A method and an apparatus for the continuous manufacture of particle board from a mat of cellulose based material in the form of particles, fibers or the like, together with at least one heat hardenable binder, features a high frequency heating station 4 disposed between a scattering station 2 and a finishing press 9. The mat 3 scattered in the scattering station 2 is continuously fed on an endless conveyor band 1 through a working gap defined between upper and lower electrode plates 5 and 6 of a high frequency capacitive heating arrangement in the high frequency heating station 4. A recirculating cover band 7 contacts the upper surface of the mat and the mat is moved with full-area contact between the upper and lower electrode plates 5 and 6, i.e. without any form of air gap. Several variants are described, in particular the upper and lower electrode plates 5 and 6 can be constructed to compress the mat to a certain degree. In the FIG. 2 embodiment several sequential pairs of electrode plates 5, 6; 5', 6' are used to heat the mat in stages with compression 10 taking place between sequential pairs of electrodes.

Description

BACKGROUND OF THE INVENTION

1. Technical Field

The invention relates to a method for the continuous manufacture of particle board and to an apparatus for carrying out this method. The invention has particular reference to a method for the continuous manufacture of chipboard, fiberboard or similar boards from a mat comprising material containing lignocellulose, and/or cellulose, and/or other electrically poorly conducting material in the form of particles, fibers or the like, together with at least one heat hardenable binder dispersed therein, said mat being brought into the board end-form by means of heat introduced at least in part by high frequency energy and pressure.

2. Prior Art

A method of the above named kind is known from German Auslegeschrift No. 27 22 348 (U.S. Pat. No. 4,221,950). In this known method the high frequency heating of the mat takes place between upper and lower plates of a capacitor arranged to introduce high frequency energy into the mat. The arrangement is however such that a small air gap of optimum size is always present between the electrode plates and the mat. This is achieved by regulating the separation of the electrode plates in dependence on the anode current of the electron tube used in the high frequency generator. The regulating circuit that is used features a coarse regulation which is used to vary the electrode plate separation until a predetermined desired value of the anode current is reached. A fine regulation is then superimposed on this coarse regulation to hold the anode current constant. The fine regulation is achieved not by varying the separation of the electrode plates but instead by varying an auxiliary capacitor connected in parallel to the working capacitor formed by the electrode plates. Should the variation in anode current be so great that it cannot be adequately dealt with by variation of the auxiliary capacitor then the coarse regulation once again comes into operation to adjust the separation of the electrode plates.

In order to ensure a flat surface of the mat within the working capacitor or, in the case of a precompressed mat, to prevent the mat expanding, and so as to always ensure a defined air gap, a run of an endless, recirculating, retaining band is tensioned against the surface of the mat passing through the working capacitor. In this manner it is possible to maintain a minimum spacing between the upper electrode plate and the surface of the mat, in particular in the range from 6 to 10 mm, and thereby to achieve good efficiency during high frequency heating.
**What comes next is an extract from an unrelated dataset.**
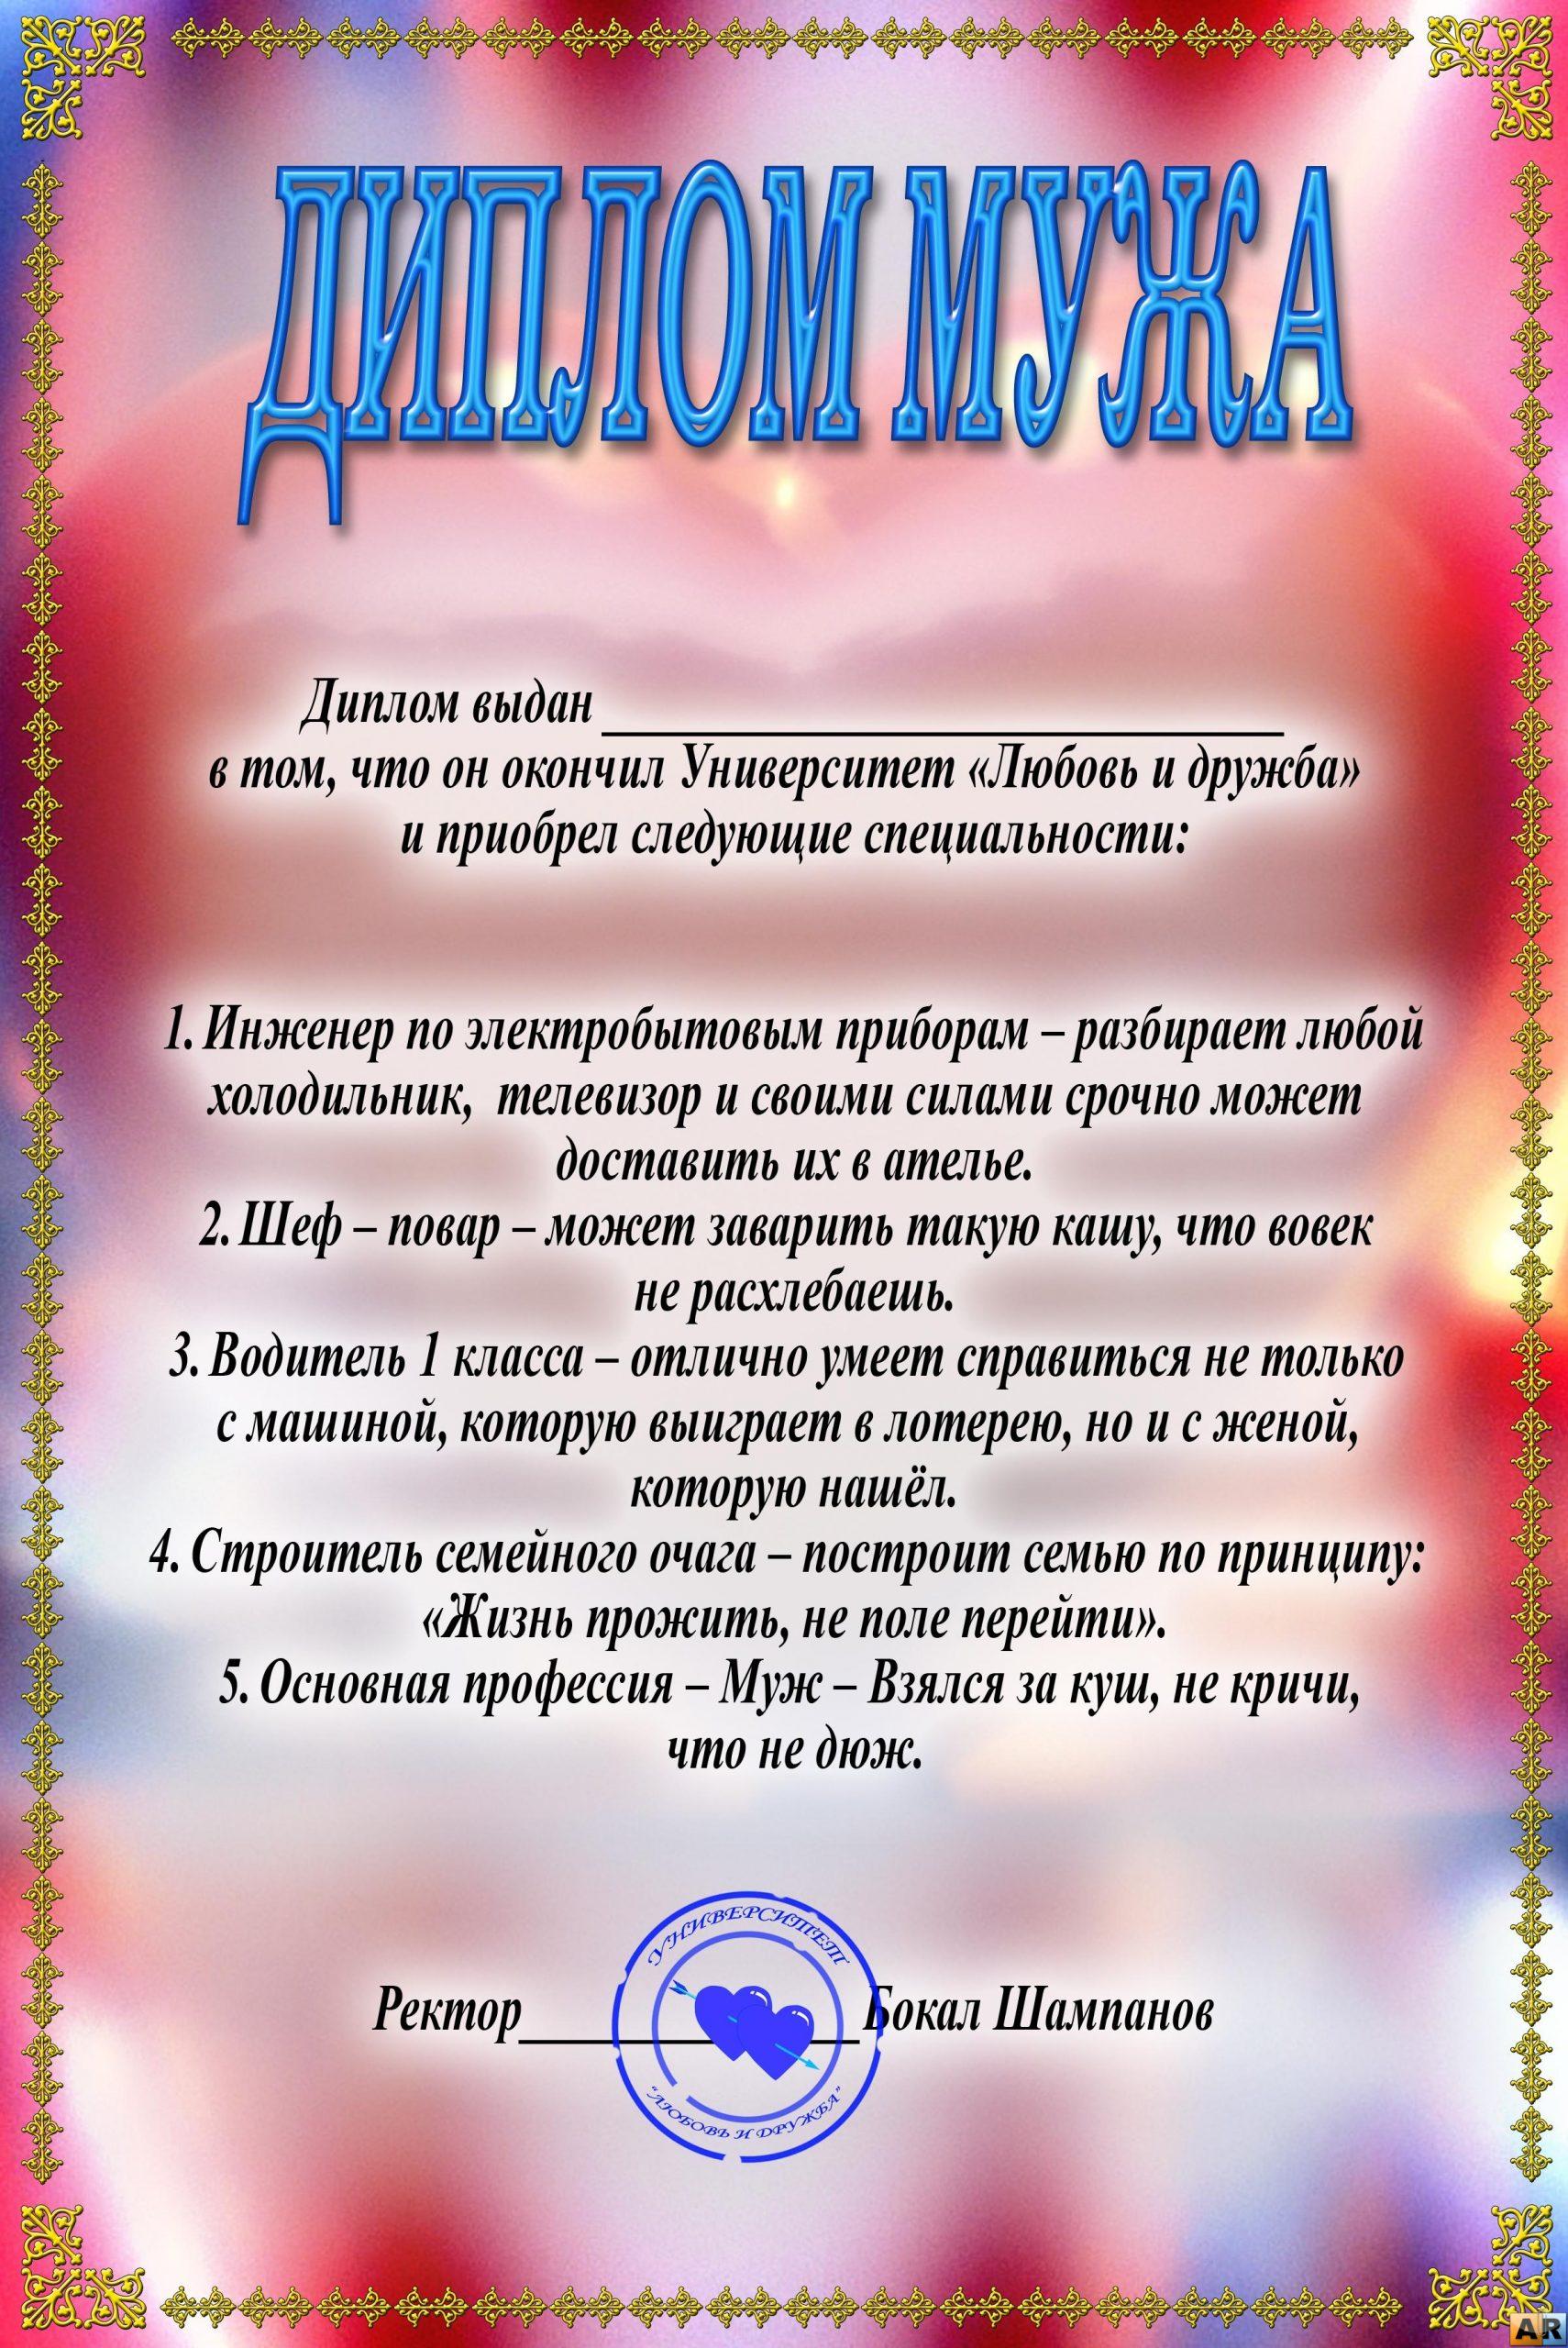 Печать грамот и дипломов для мужа в Москве | фото 2

This arrangement has proved successful in practice.

SUMMARY OF THE INVENTION

The principal object underlying the present invention is to develop the initially named method in such a way that mats of different initial materials and different thicknesses can be heated more quickly and more uniformly than previously, with a particularly economical utilisation of the high frequency energy that is supplied, and in such a way as to further reduce the technical control requirements.

This object is satisfied, in accordance with the invention, by a method for the continuous manufacture of chipboard, fiberboard or similar boards from a mat comprising material containing lignocellulose, and/or cellulose and/or other electrically poorly conducting material, in the form of particles, fibers or the like, together with at least one heat hardenable binder dispersed therein, said mat being brought into the board end-form by means of heat, introduced at least in part by high frequency energy, and pressure, wherein the mat is fed with full-area contact on both sides between facing electrode plates of a high frequency heating zone which define a working gap.

The heating of the mat with full-area contact on both sides between the facing electrode plates of the working capacitor while avoiding any form of air gap ensures a particularly high energy density in the working capacitor, and thus a substantial rise in the efficiency and power of the heating process. At the same time the conditions inside the working capacitor, which are always precisely defined, result in very uniform heating of the mat, which is continuously fed through the capacitor, and a considerable simplification of the control requirements.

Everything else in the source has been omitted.